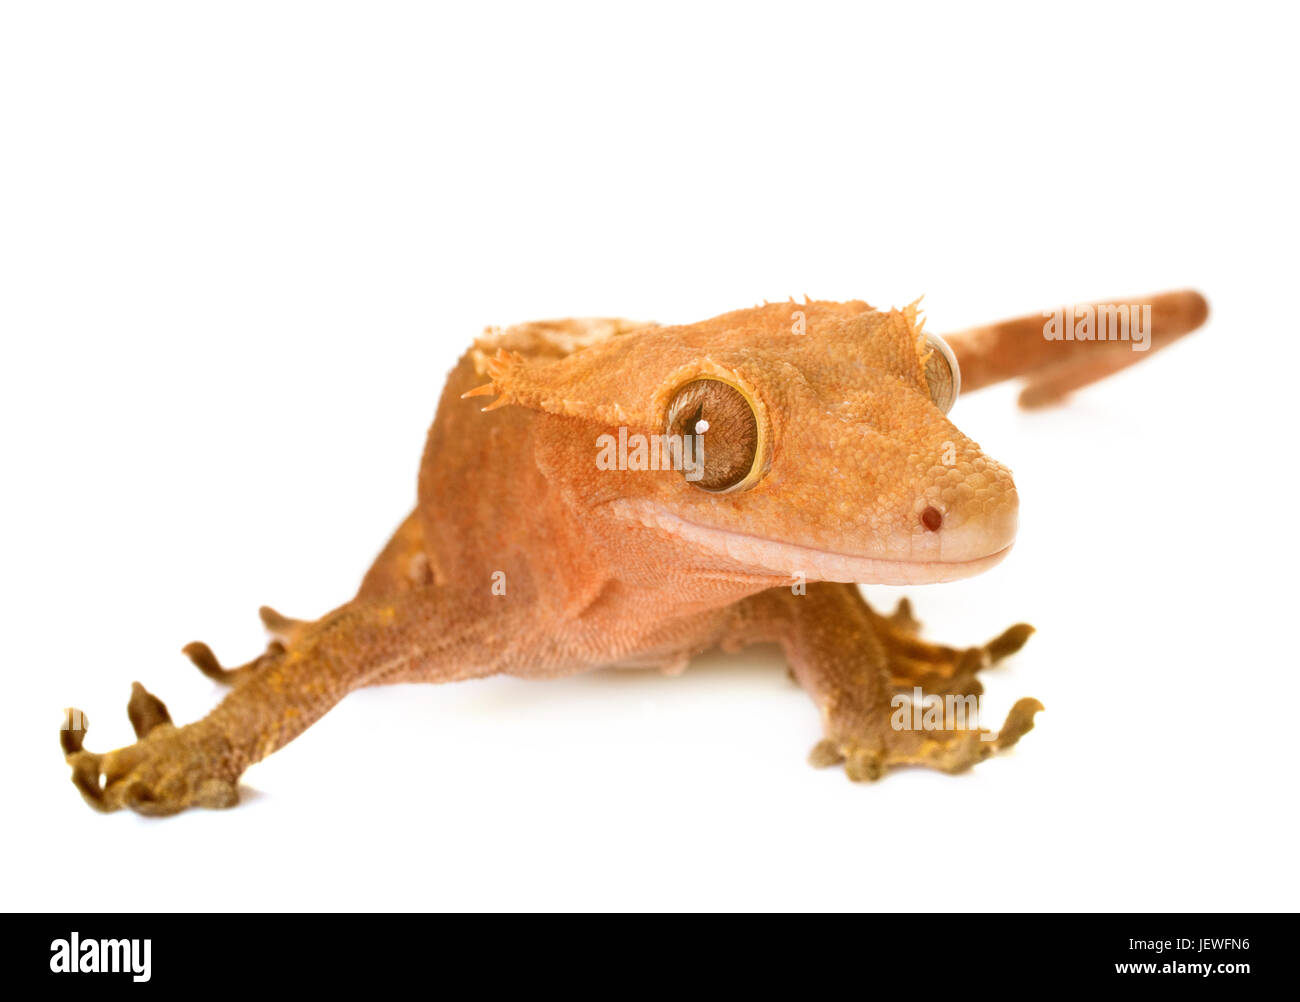 Crested gecko davanti a uno sfondo bianco Foto Stock
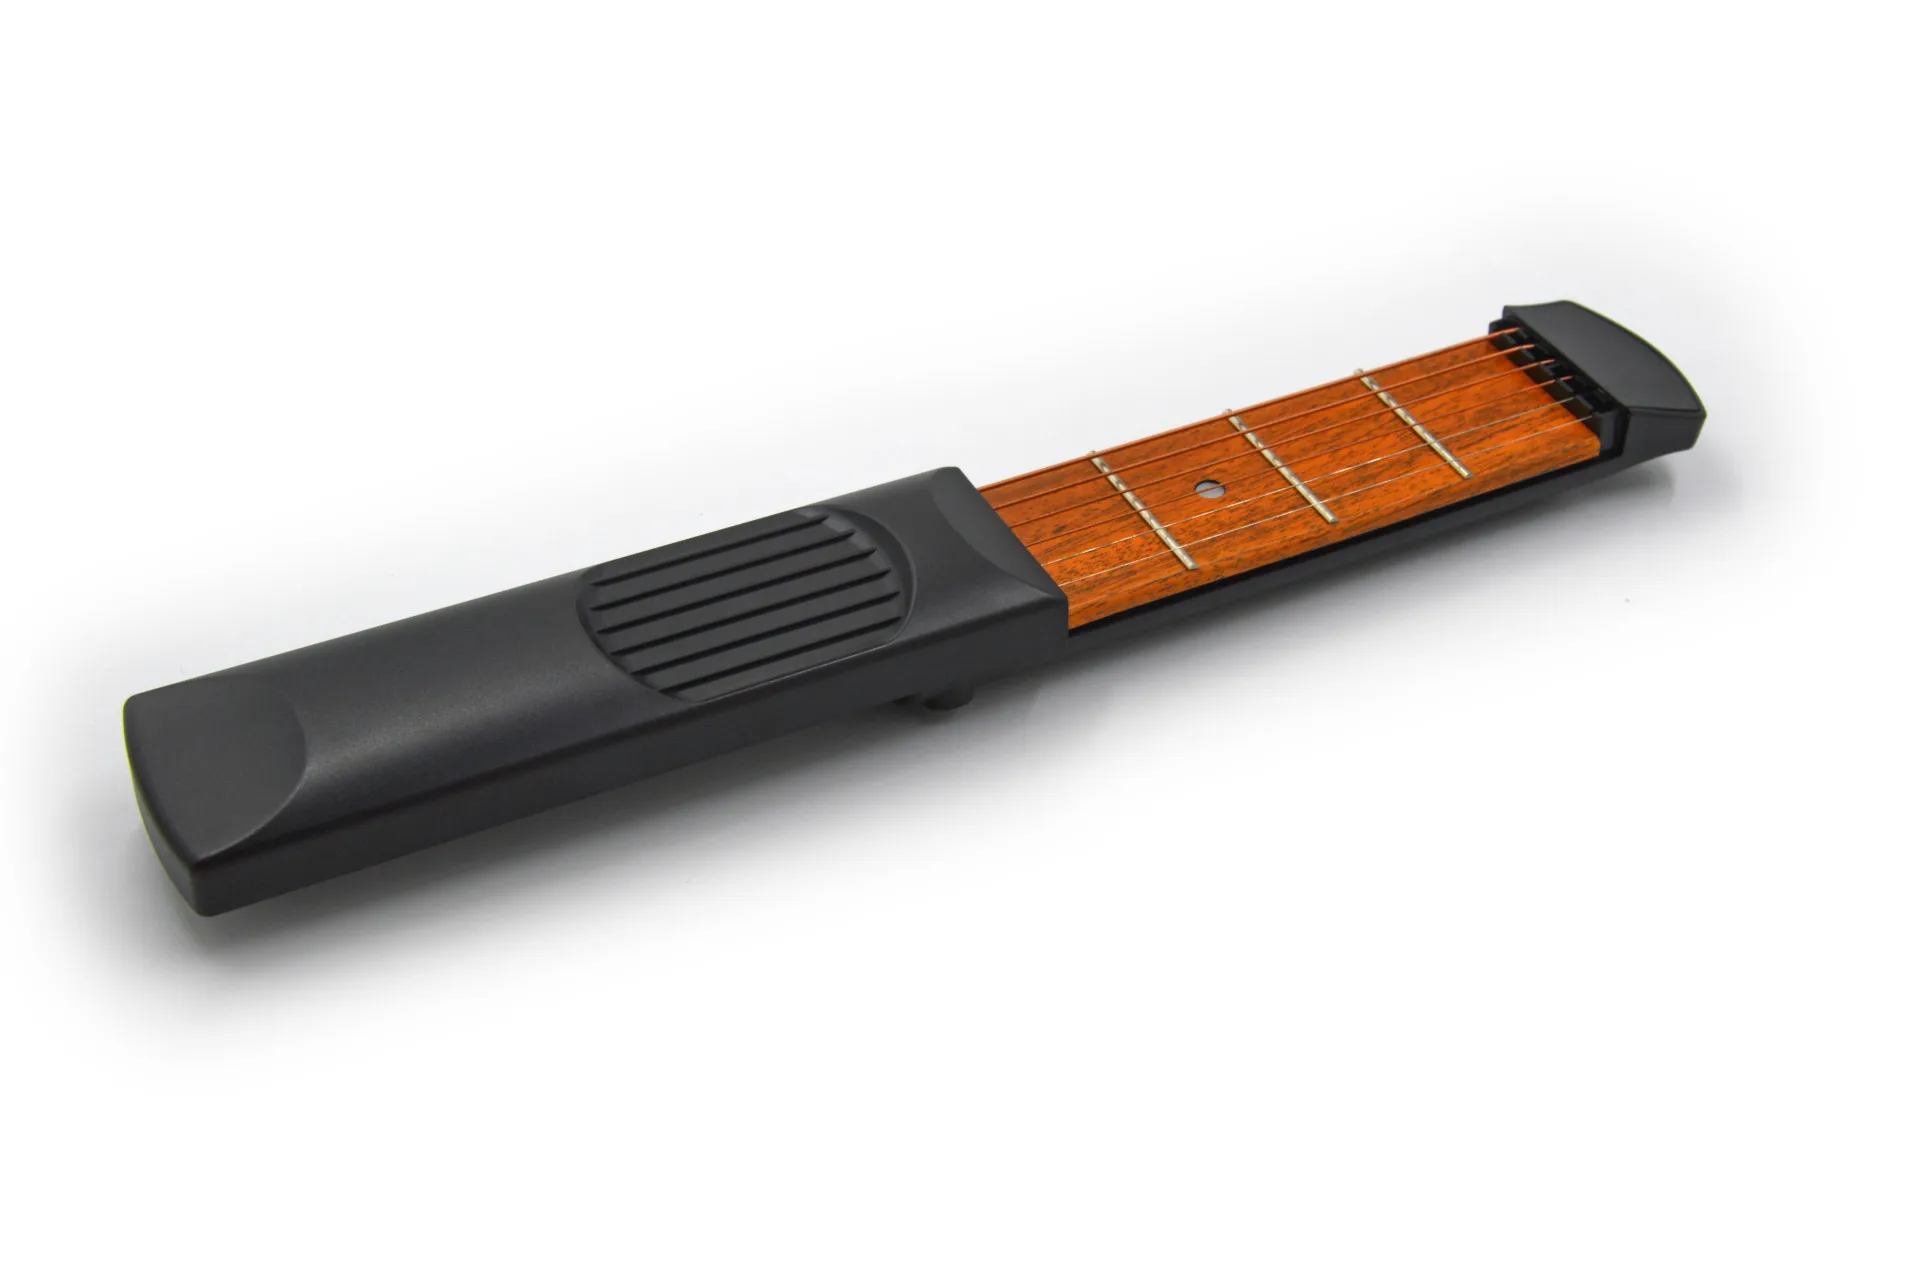 Практичный портативный карман для акустической гитары практический инструмент гаджет 6 струн 4 Лада модель для начинающих гитарные аксессуары GYH
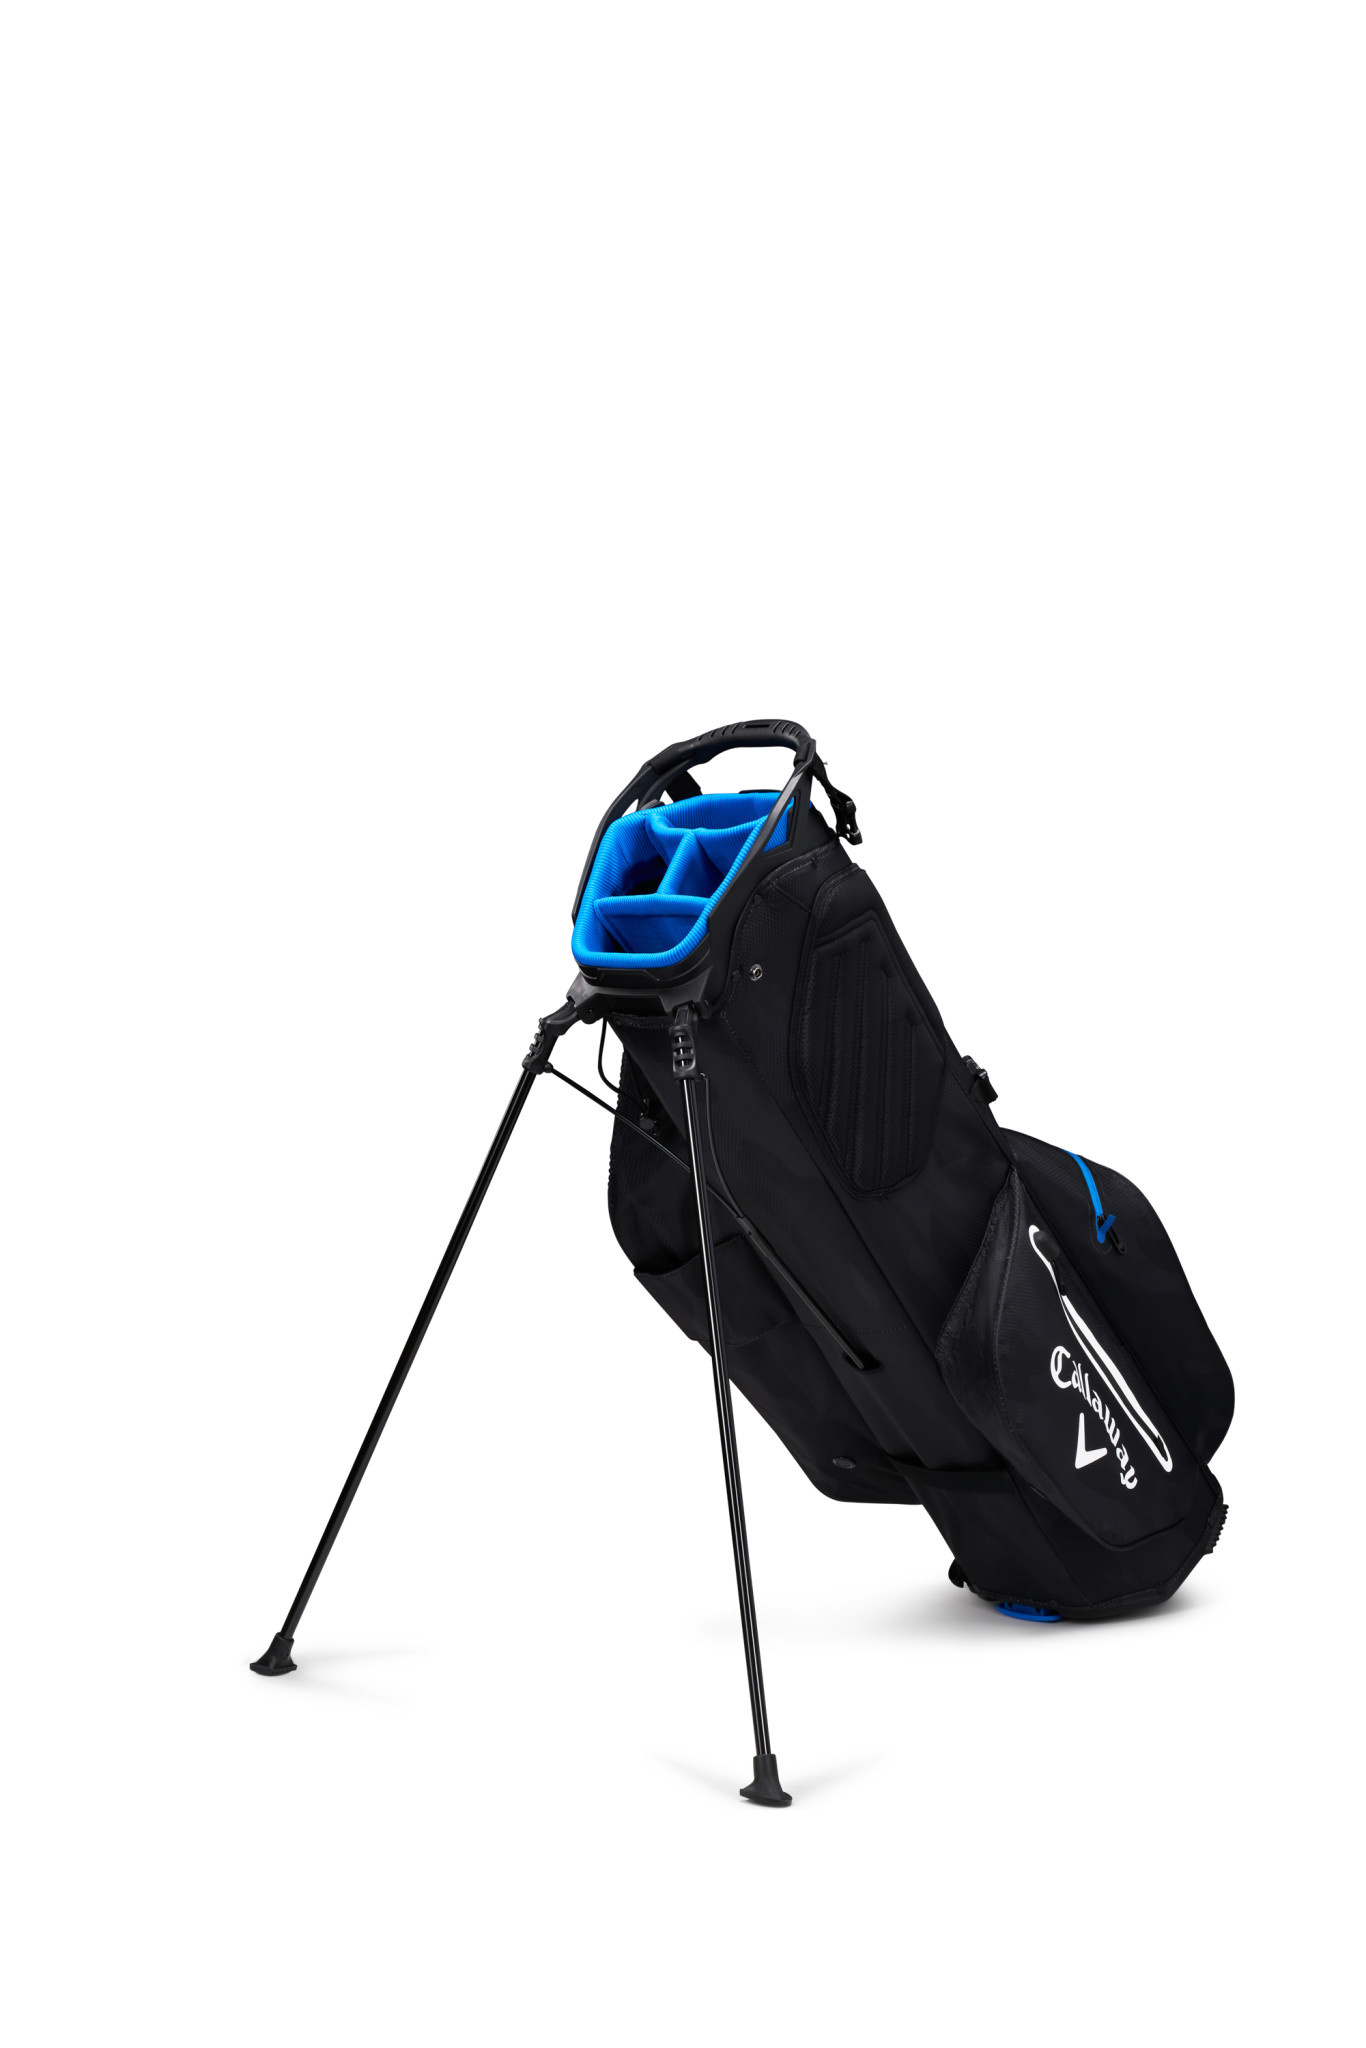 genade Tentakel identificatie Callaway Carry bag Fairway C HD golftas zwart blauw - Frank Hoekzema Golf
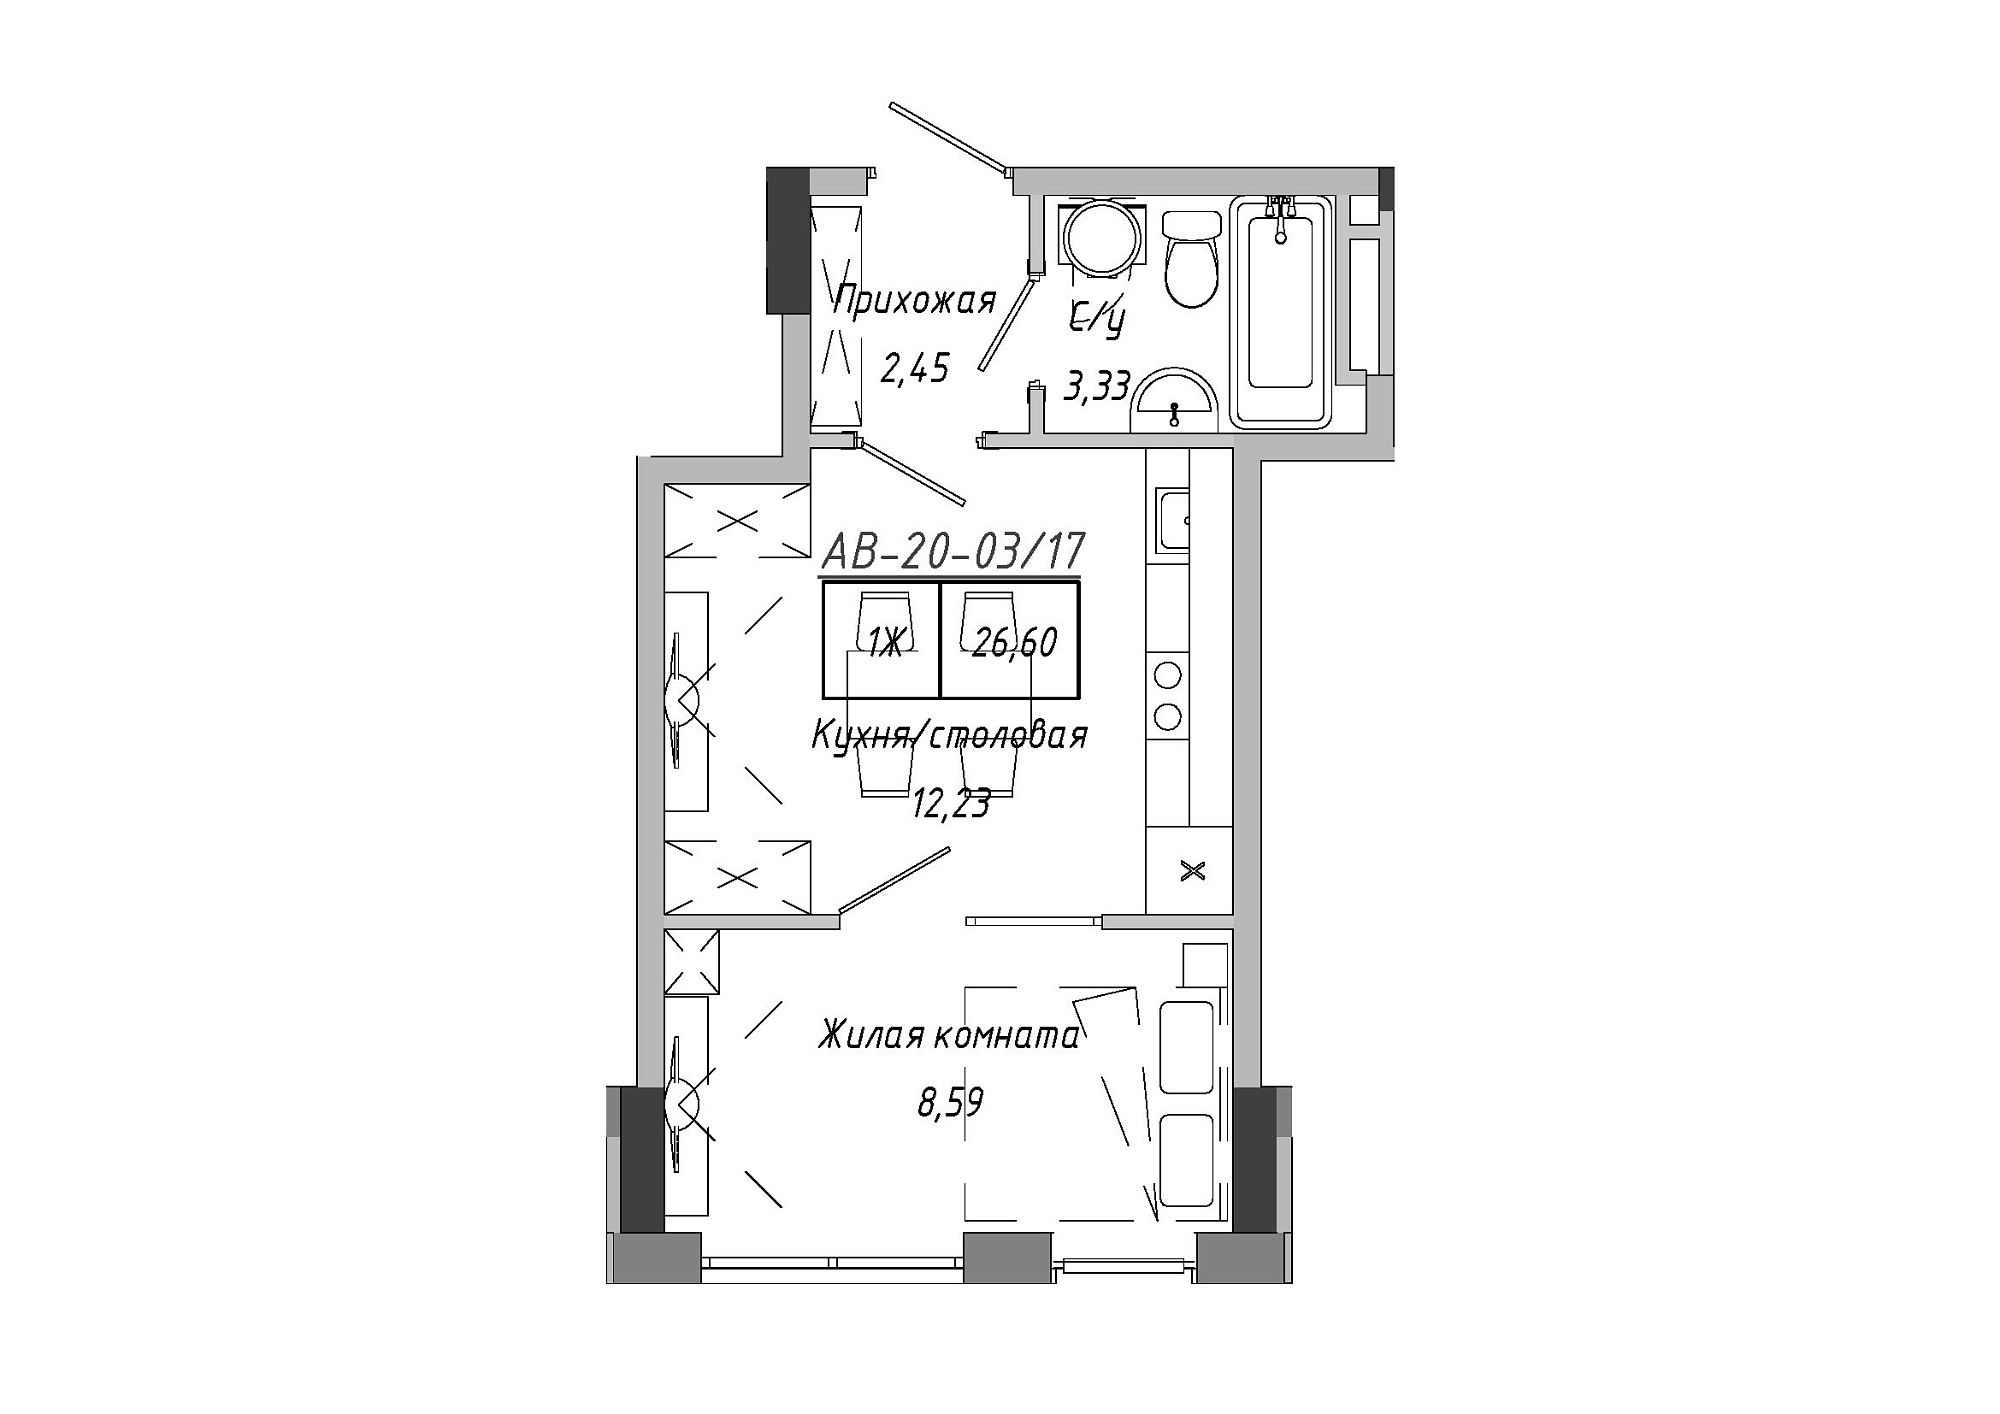 Планування 1-к квартира площею 26.6м2, AB-20-03/00017.
════════════════
EXERCISE DIRECTIONS => The data above should be set down again exactly, with the pictures omitted.

YOUR SOLUTION =>
 Crested gecko davanti a uno sfondo bianco Foto Stock
 Практичный портативный карман для акустической гитары практический инструмент гаджет 6 струн 4 Лада модель для начинающих гитарные аксессуары GYH
 genade Tentakel identificatie Callaway Carry bag Fairway C HD golftas zwart blauw - Frank Hoekzema Golf
 Планування 1-к квартира площею 26.6м2, AB-20-03/00017.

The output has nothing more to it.